◆ Items from a data source
_ _ _ _ _
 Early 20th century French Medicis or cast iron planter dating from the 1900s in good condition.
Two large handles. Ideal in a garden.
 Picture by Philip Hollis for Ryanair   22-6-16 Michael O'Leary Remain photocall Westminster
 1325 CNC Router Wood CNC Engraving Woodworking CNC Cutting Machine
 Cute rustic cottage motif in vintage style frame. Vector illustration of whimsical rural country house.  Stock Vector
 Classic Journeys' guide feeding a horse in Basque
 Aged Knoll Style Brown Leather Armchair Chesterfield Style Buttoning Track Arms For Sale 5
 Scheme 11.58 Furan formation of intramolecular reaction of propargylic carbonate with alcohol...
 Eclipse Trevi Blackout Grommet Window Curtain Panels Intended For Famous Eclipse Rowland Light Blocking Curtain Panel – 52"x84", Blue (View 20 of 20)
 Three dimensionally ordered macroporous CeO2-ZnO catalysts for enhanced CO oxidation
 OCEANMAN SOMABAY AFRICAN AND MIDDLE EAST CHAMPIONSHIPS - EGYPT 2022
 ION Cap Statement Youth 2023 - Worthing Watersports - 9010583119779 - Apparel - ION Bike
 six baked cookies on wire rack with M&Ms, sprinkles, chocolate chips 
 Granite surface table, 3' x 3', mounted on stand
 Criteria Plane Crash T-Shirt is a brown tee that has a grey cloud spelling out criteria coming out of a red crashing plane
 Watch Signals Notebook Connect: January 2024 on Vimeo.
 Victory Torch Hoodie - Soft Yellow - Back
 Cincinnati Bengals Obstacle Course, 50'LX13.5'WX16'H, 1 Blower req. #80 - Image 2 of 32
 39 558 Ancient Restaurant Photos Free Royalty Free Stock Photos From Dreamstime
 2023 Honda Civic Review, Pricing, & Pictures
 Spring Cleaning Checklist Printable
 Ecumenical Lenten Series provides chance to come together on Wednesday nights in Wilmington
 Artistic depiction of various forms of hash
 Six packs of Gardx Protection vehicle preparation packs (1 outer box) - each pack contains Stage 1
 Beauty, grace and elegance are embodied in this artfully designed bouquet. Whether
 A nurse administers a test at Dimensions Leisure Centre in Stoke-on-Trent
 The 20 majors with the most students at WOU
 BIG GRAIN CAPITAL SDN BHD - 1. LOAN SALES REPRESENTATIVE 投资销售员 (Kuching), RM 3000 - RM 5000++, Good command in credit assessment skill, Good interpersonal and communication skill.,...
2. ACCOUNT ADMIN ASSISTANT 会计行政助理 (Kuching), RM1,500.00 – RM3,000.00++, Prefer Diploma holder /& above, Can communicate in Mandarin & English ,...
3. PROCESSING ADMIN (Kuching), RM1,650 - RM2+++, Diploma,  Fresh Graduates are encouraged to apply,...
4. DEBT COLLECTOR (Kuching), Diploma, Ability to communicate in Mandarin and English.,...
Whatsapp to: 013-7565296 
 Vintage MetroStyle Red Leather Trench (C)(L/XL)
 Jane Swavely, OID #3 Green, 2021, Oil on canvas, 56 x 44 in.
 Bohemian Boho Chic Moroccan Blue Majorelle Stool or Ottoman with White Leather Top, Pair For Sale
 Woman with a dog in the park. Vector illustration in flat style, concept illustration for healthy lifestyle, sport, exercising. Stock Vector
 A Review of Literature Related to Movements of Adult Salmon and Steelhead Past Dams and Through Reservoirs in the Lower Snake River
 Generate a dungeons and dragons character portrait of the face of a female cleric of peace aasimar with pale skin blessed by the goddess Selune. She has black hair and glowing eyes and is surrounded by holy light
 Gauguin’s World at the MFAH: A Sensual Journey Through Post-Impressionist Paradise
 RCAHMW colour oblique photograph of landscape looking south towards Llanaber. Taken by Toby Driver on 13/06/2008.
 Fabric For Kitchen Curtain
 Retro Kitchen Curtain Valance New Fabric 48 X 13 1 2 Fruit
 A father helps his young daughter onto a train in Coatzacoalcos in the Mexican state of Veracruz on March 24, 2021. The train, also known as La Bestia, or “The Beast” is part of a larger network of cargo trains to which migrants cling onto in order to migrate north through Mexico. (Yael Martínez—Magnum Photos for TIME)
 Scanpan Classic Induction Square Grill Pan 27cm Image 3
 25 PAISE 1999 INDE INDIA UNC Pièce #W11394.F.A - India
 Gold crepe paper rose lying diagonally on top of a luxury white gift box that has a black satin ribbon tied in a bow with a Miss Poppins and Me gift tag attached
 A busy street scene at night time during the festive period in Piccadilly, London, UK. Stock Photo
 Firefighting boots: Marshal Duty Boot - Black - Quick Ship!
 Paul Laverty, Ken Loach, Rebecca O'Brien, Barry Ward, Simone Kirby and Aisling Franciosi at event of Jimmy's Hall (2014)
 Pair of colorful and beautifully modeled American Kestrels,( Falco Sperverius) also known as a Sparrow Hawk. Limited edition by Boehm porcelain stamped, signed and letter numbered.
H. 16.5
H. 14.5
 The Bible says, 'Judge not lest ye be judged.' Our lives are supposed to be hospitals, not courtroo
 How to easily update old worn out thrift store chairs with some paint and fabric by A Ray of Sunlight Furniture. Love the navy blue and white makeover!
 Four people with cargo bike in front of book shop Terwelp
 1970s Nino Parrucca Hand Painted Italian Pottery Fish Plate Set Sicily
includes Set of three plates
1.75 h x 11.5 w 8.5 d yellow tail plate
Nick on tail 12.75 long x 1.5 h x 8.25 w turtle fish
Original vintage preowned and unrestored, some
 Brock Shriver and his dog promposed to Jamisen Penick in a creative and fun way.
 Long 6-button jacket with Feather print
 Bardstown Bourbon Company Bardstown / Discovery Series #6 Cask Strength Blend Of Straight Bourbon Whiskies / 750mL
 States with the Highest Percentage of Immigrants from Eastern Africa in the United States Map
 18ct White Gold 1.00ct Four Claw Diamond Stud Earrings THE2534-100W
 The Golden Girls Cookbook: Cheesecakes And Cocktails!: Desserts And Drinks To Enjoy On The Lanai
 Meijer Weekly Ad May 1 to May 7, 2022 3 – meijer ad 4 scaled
_ _ _ _ _
◆ TO DO
Reproduce all the entries above. Match them exactly.

◆ EXPECTED ANSWER
 Early 20th century French Medicis or cast iron planter dating from the 1900s in good condition.
Two large handles. Ideal in a garden.
 Picture by Philip Hollis for Ryanair   22-6-16 Michael O'Leary Remain photocall Westminster
 1325 CNC Router Wood CNC Engraving Woodworking CNC Cutting Machine
 Cute rustic cottage motif in vintage style frame. Vector illustration of whimsical rural country house.  Stock Vector
 Classic Journeys' guide feeding a horse in Basque
 Aged Knoll Style Brown Leather Armchair Chesterfield Style Buttoning Track Arms For Sale 5
 Scheme 11.58 Furan formation of intramolecular reaction of propargylic carbonate with alcohol...
 Eclipse Trevi Blackout Grommet Window Curtain Panels Intended For Famous Eclipse Rowland Light Blocking Curtain Panel – 52"x84", Blue (View 20 of 20)
 Three dimensionally ordered macroporous CeO2-ZnO catalysts for enhanced CO oxidation
 OCEANMAN SOMABAY AFRICAN AND MIDDLE EAST CHAMPIONSHIPS - EGYPT 2022
 ION Cap Statement Youth 2023 - Worthing Watersports - 9010583119779 - Apparel - ION Bike
 six baked cookies on wire rack with M&Ms, sprinkles, chocolate chips 
 Granite surface table, 3' x 3', mounted on stand
 Criteria Plane Crash T-Shirt is a brown tee that has a grey cloud spelling out criteria coming out of a red crashing plane
 Watch Signals Notebook Connect: January 2024 on Vimeo.
 Victory Torch Hoodie - Soft Yellow - Back
 Cincinnati Bengals Obstacle Course, 50'LX13.5'WX16'H, 1 Blower req. #80 - Image 2 of 32
 39 558 Ancient Restaurant Photos Free Royalty Free Stock Photos From Dreamstime
 2023 Honda Civic Review, Pricing, & Pictures
 Spring Cleaning Checklist Printable
 Ecumenical Lenten Series provides chance to come together on Wednesday nights in Wilmington
 Artistic depiction of various forms of hash
 Six packs of Gardx Protection vehicle preparation packs (1 outer box) - each pack contains Stage 1
 Beauty, grace and elegance are embodied in this artfully designed bouquet. Whether
 A nurse administers a test at Dimensions Leisure Centre in Stoke-on-Trent
 The 20 majors with the most students at WOU
 BIG GRAIN CAPITAL SDN BHD - 1. LOAN SALES REPRESENTATIVE 投资销售员 (Kuching), RM 3000 - RM 5000++, Good command in credit assessment skill, Good interpersonal and communication skill.,...
2. ACCOUNT ADMIN ASSISTANT 会计行政助理 (Kuching), RM1,500.00 – RM3,000.00++, Prefer Diploma holder /& above, Can communicate in Mandarin & English ,...
3. PROCESSING ADMIN (Kuching), RM1,650 - RM2+++, Diploma,  Fresh Graduates are encouraged to apply,...
4. DEBT COLLECTOR (Kuching), Diploma, Ability to communicate in Mandarin and English.,...
Whatsapp to: 013-7565296 
 Vintage MetroStyle Red Leather Trench (C)(L/XL)
 Jane Swavely, OID #3 Green, 2021, Oil on canvas, 56 x 44 in.
 Bohemian Boho Chic Moroccan Blue Majorelle Stool or Ottoman with White Leather Top, Pair For Sale
 Woman with a dog in the park. Vector illustration in flat style, concept illustration for healthy lifestyle, sport, exercising. Stock Vector
 A Review of Literature Related to Movements of Adult Salmon and Steelhead Past Dams and Through Reservoirs in the Lower Snake River
 Generate a dungeons and dragons character portrait of the face of a female cleric of peace aasimar with pale skin blessed by the goddess Selune. She has black hair and glowing eyes and is surrounded by holy light
 Gauguin’s World at the MFAH: A Sensual Journey Through Post-Impressionist Paradise
 RCAHMW colour oblique photograph of landscape looking south towards Llanaber. Taken by Toby Driver on 13/06/2008.
 Fabric For Kitchen Curtain
 Retro Kitchen Curtain Valance New Fabric 48 X 13 1 2 Fruit
 A father helps his young daughter onto a train in Coatzacoalcos in the Mexican state of Veracruz on March 24, 2021. The train, also known as La Bestia, or “The Beast” is part of a larger network of cargo trains to which migrants cling onto in order to migrate north through Mexico. (Yael Martínez—Magnum Photos for TIME)
 Scanpan Classic Induction Square Grill Pan 27cm Image 3
 25 PAISE 1999 INDE INDIA UNC Pièce #W11394.F.A - India
 Gold crepe paper rose lying diagonally on top of a luxury white gift box that has a black satin ribbon tied in a bow with a Miss Poppins and Me gift tag attached
 A busy street scene at night time during the festive period in Piccadilly, London, UK. Stock Photo
 Firefighting boots: Marshal Duty Boot - Black - Quick Ship!
 Paul Laverty, Ken Loach, Rebecca O'Brien, Barry Ward, Simone Kirby and Aisling Franciosi at event of Jimmy's Hall (2014)
 Pair of colorful and beautifully modeled American Kestrels,( Falco Sperverius) also known as a Sparrow Hawk. Limited edition by Boehm porcelain stamped, signed and letter numbered.
H. 16.5
H. 14.5
 The Bible says, 'Judge not lest ye be judged.' Our lives are supposed to be hospitals, not courtroo
 How to easily update old worn out thrift store chairs with some paint and fabric by A Ray of Sunlight Furniture. Love the navy blue and white makeover!
 Four people with cargo bike in front of book shop Terwelp
 1970s Nino Parrucca Hand Painted Italian Pottery Fish Plate Set Sicily
includes Set of three plates
1.75 h x 11.5 w 8.5 d yellow tail plate
Nick on tail 12.75 long x 1.5 h x 8.25 w turtle fish
Original vintage preowned and unrestored, some
 Brock Shriver and his dog promposed to Jamisen Penick in a creative and fun way.
 Long 6-button jacket with Feather print
 Bardstown Bourbon Company Bardstown / Discovery Series #6 Cask Strength Blend Of Straight Bourbon Whiskies / 750mL
 States with the Highest Percentage of Immigrants from Eastern Africa in the United States Map
 18ct White Gold 1.00ct Four Claw Diamond Stud Earrings THE2534-100W
 The Golden Girls Cookbook: Cheesecakes And Cocktails!: Desserts And Drinks To Enjoy On The Lanai
 Meijer Weekly Ad May 1 to May 7, 2022 3 – meijer ad 4 scaled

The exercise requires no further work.